Exercise :: Leaving the images aside, transcribe all the data below exactly.

Data excerpt ::
------------------------------------------------

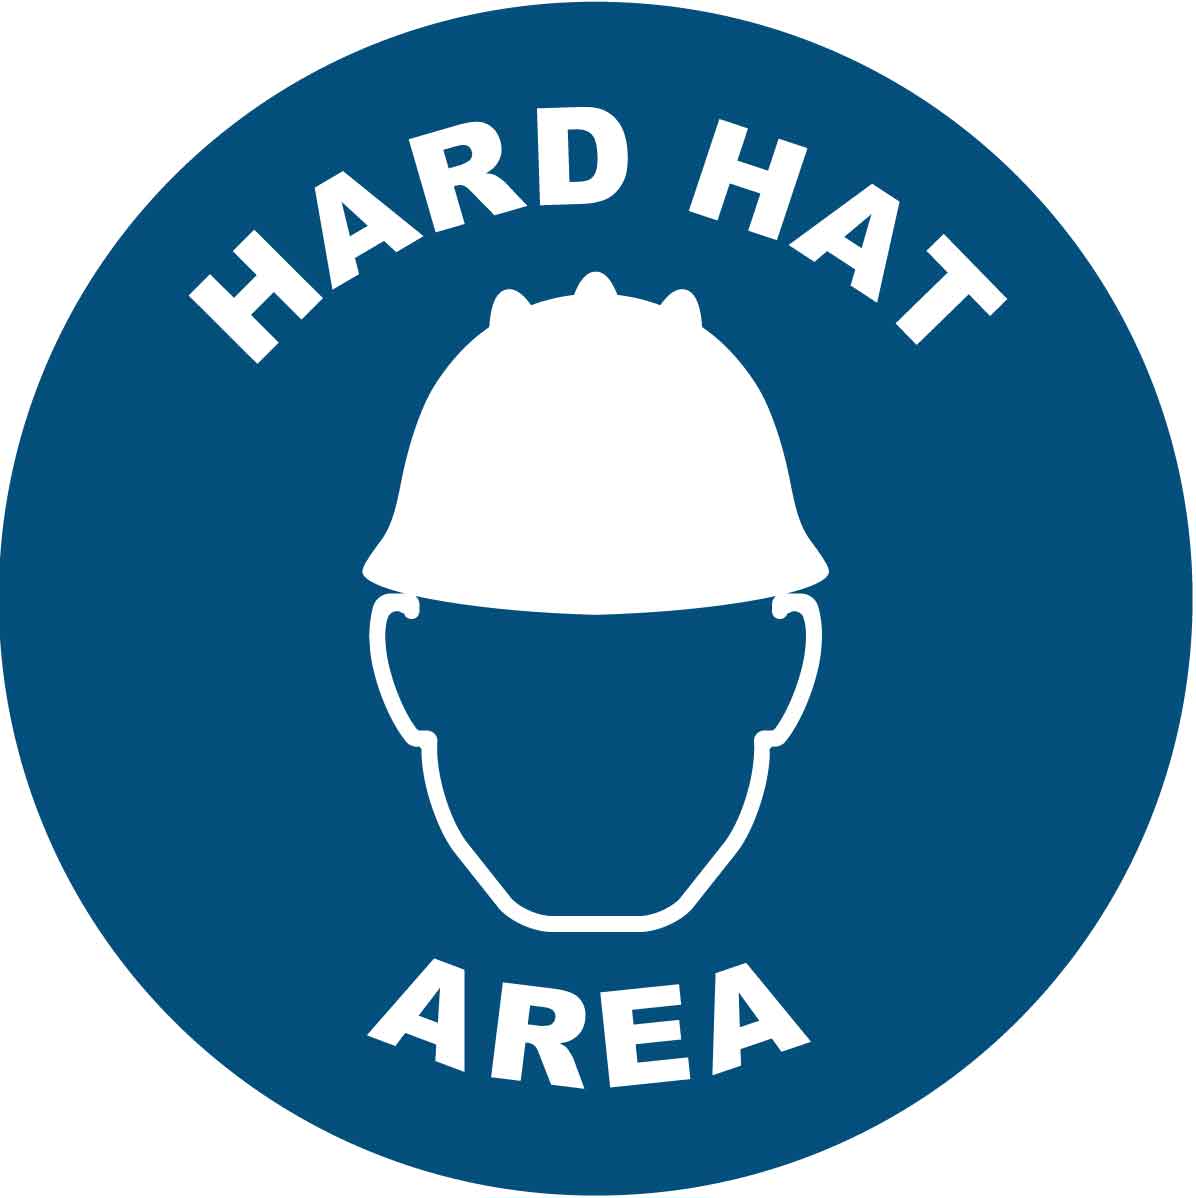 Hard Hat Area Decal
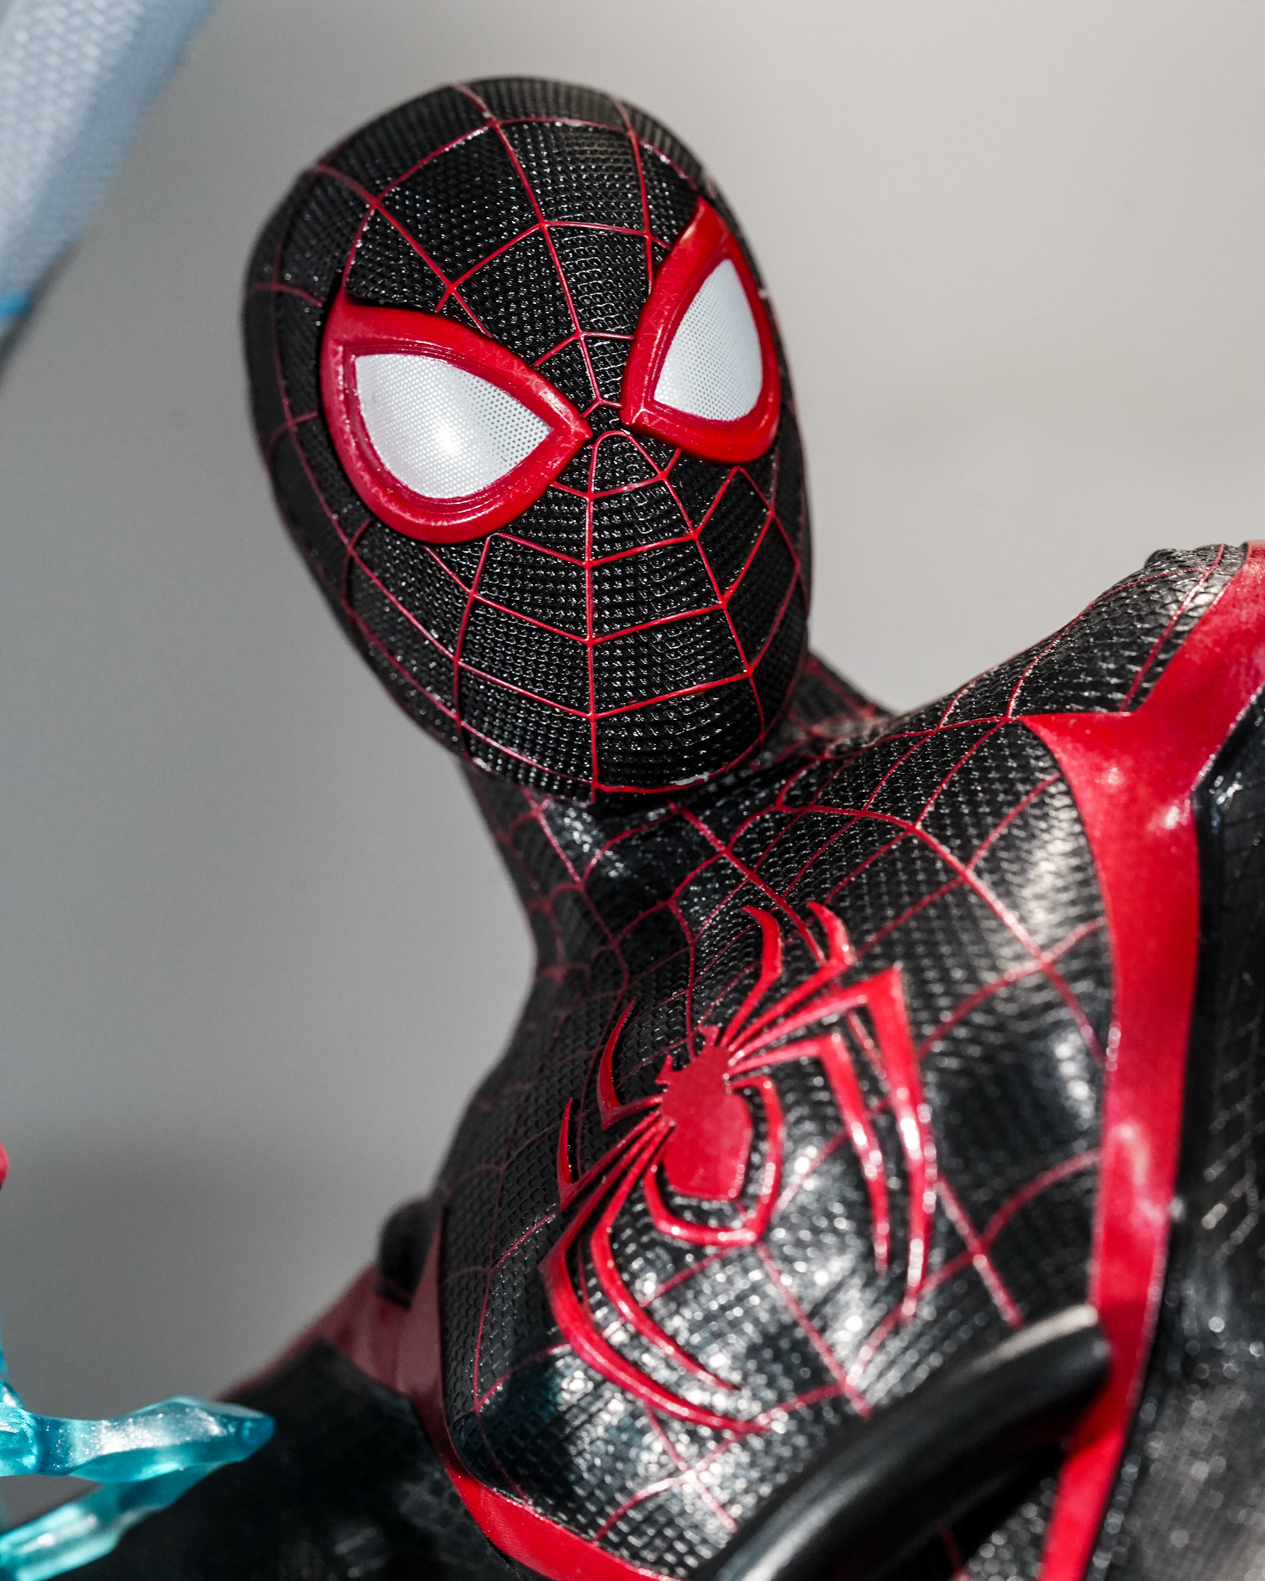 Hot Toys Miles Morales 'Spider-Man' Figure Release Info
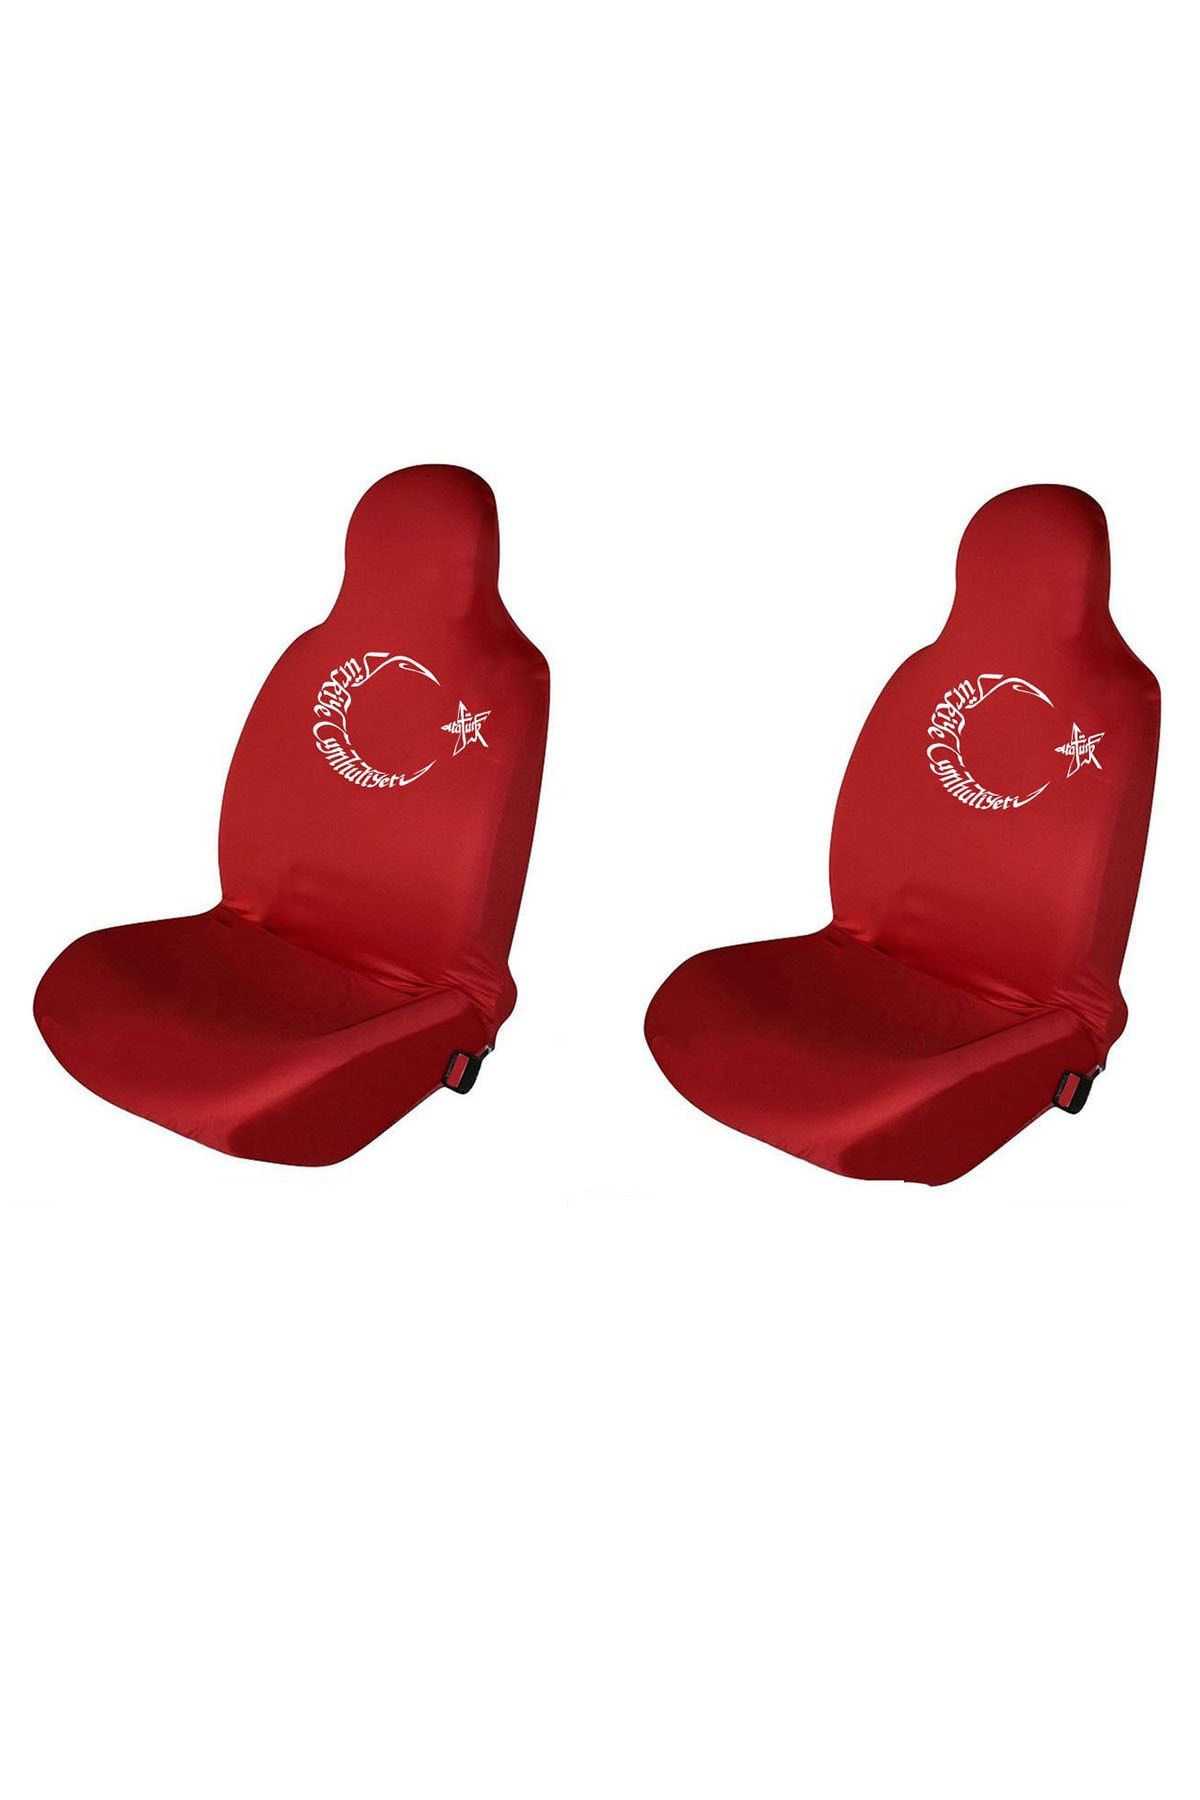 Özdemir Teks Mini Cooper Electric Car Seat Service Cover Flag Printed Front  Seats Red - Trendyol

------------------------------------------------

Your solution ::
 Hard Hat Area Decal
 Hot Toys Miles Morales 'Spider-Man' Figure Release Info
 Özdemir Teks Mini Cooper Electric Car Seat Service Cover Flag Printed Front  Seats Red - Trendyol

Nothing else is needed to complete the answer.